Neues Thema Ansicht wechseln


  1. Kooperatives Multitasking kommt wieder?

    Autor: GAK 27.07.20 - 11:53

    Die Erweiterung um 'Switch' klingt für mich als ob das die Vorteile von kooperativem Multitasking (wenig bis kein Resourcenvertbrauch auf wartende Threads) bringen könnte ohne sich gleichzeitig den Nachteil (ein amoklaufender Thread bringt alles zum Stillstand) einzutreten.

    Spannend.

  2. Re: Kooperatives Multitasking kommt wieder?

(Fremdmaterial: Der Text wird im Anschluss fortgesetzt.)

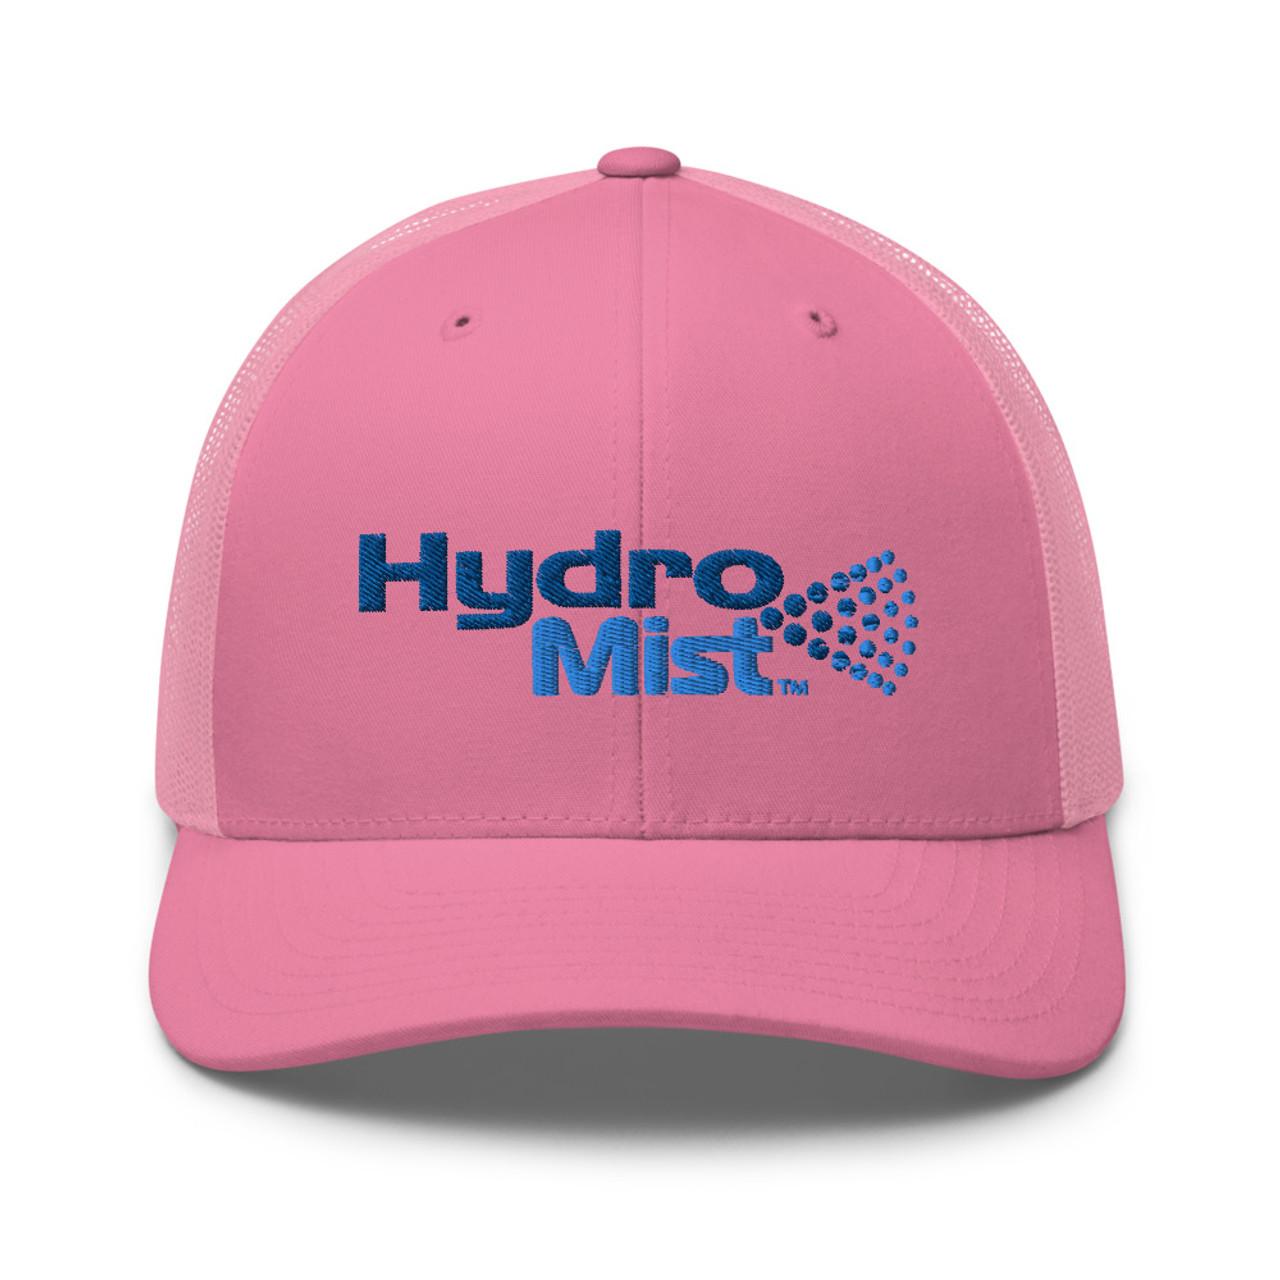 HydroMist Trucker Cap

    Autor: pythoneer 27.07.20 - 13:15

    "Kooperatives Multitasking" ist doch auch schon bei vielen Programmiersprachen ganz "hipp". Mit der Einführung von "promises" und dann die Verwendung von "async/await" in C#/Javascript/Rust/Goroutines ... macht den wandel dorthin deutlich. Man muss nur dummerweise wissen was man da tut – das ist dann wieder die andere Seite der Medaille. Man _KANN_ damit Sachen schneller machen, wenn man weiß was man tut und wie man overhead vermeiden kann. Man _KANN_ aber eben auch ganz schön ins Klo greifen, wovor einem das OS – wenigstens ein bisschen – geschützt hat.

  3. Re: Kooperatives Multitasking kommt wieder?

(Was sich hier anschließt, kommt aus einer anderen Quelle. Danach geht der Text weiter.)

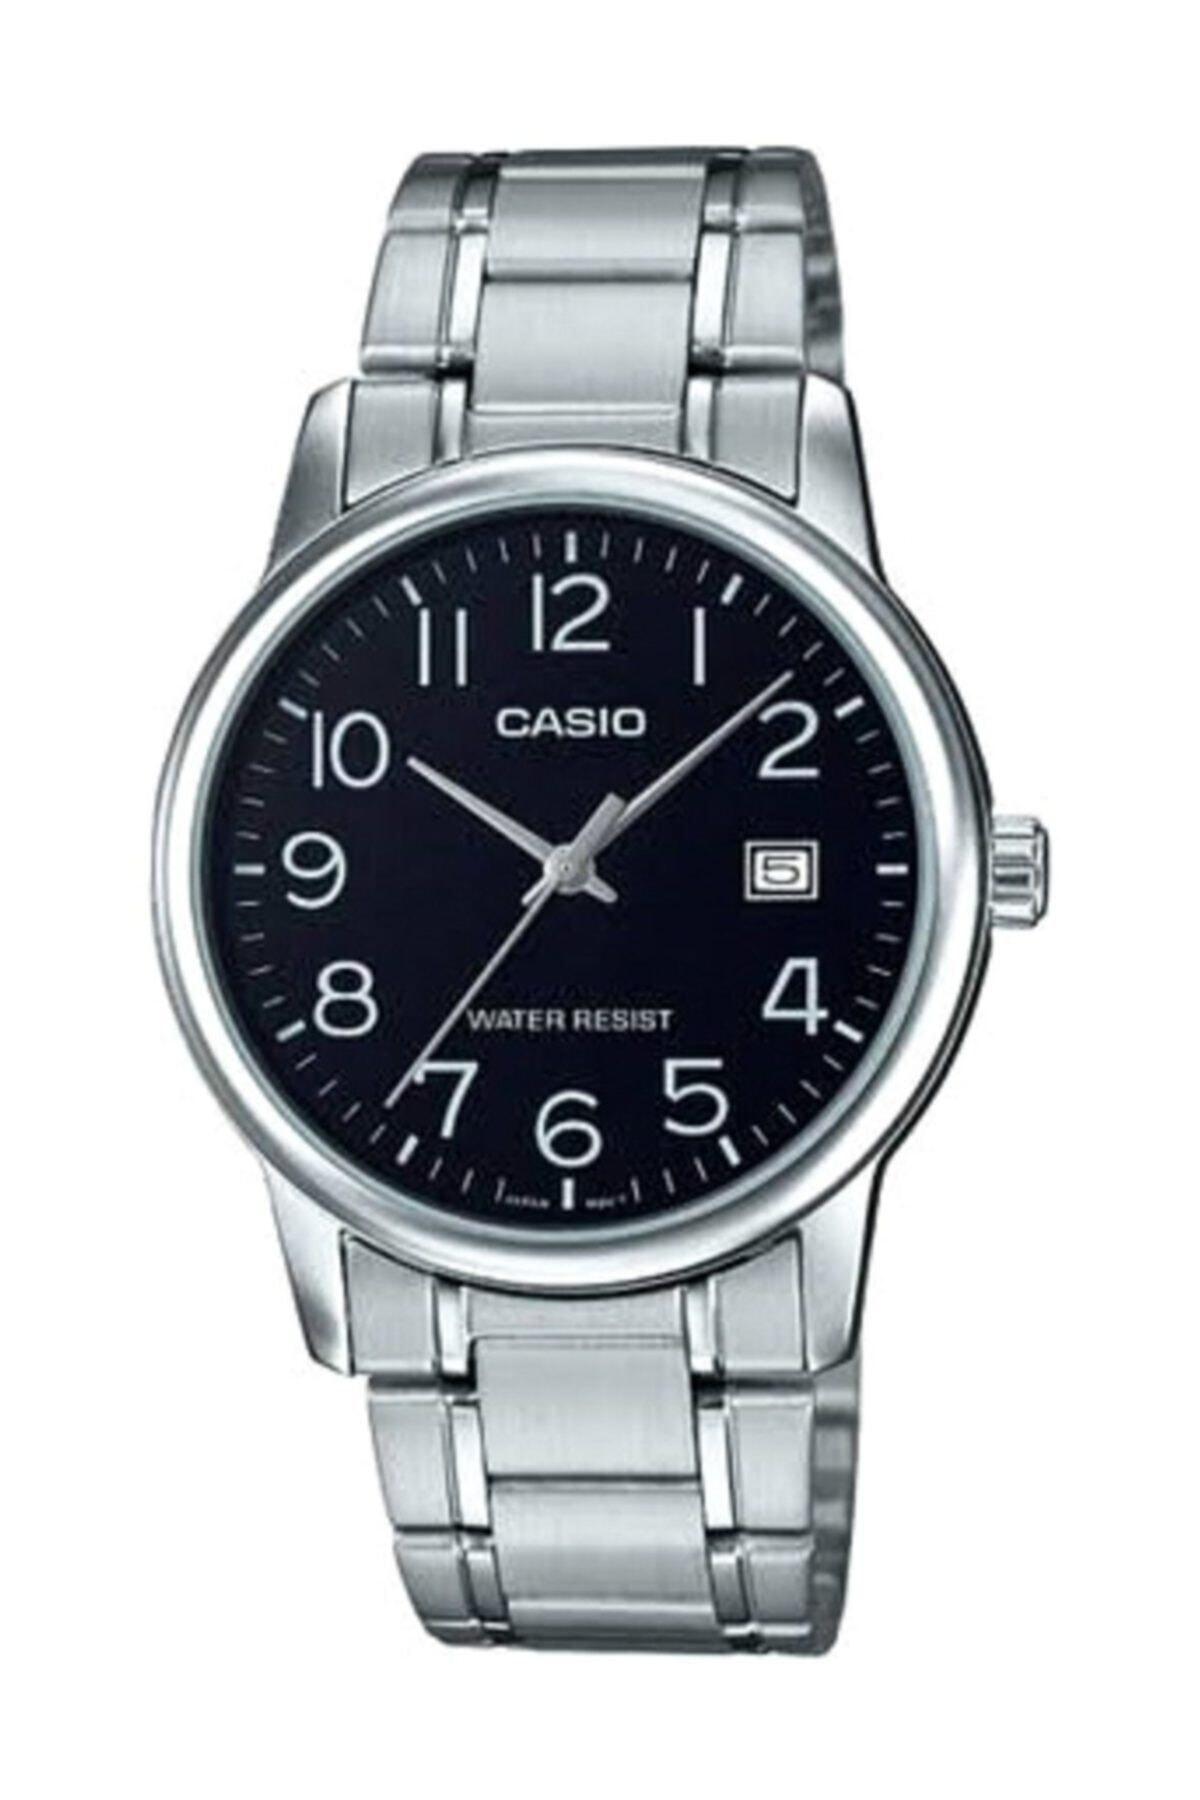 Casio Mtp-v002d-1budf Erkek Kol Saati 1

    Autor: schnedan 27.07.20 - 15:19

    Das Problem ist preemptives Multitasking: prima um ein Ressource an X Verbraucher zu verteilen... wenn es X+1 sind, dauert es länger, aber alle kommen irgendwann dran. Das ist das Problem eines Mainframes. Andererseits wenn du Reaktionszeit sicherstellen willst (Daten / Streamserver), dann ist preemptives Multitasking einfach der falsche Ansatz. Zumindest wenn man 100% Realtime benötigt.
    Definiertes Reaktionsverhalten (nachweisbar!!!) ist mit preemptiven MT nicht möglich... manche RTOS System schalten dazu nahtlos von preemptiv nach kooperativ um.
    kenne kein Paper das aussagt das man mit preemptiven Multitasking Latenz und Jitter garantieren kann. Aber der Linux kann ja soweit ich es verstehe inzw. auch kooperativ mit den RT Patches... oder zumindest etwas das nahe dran ist.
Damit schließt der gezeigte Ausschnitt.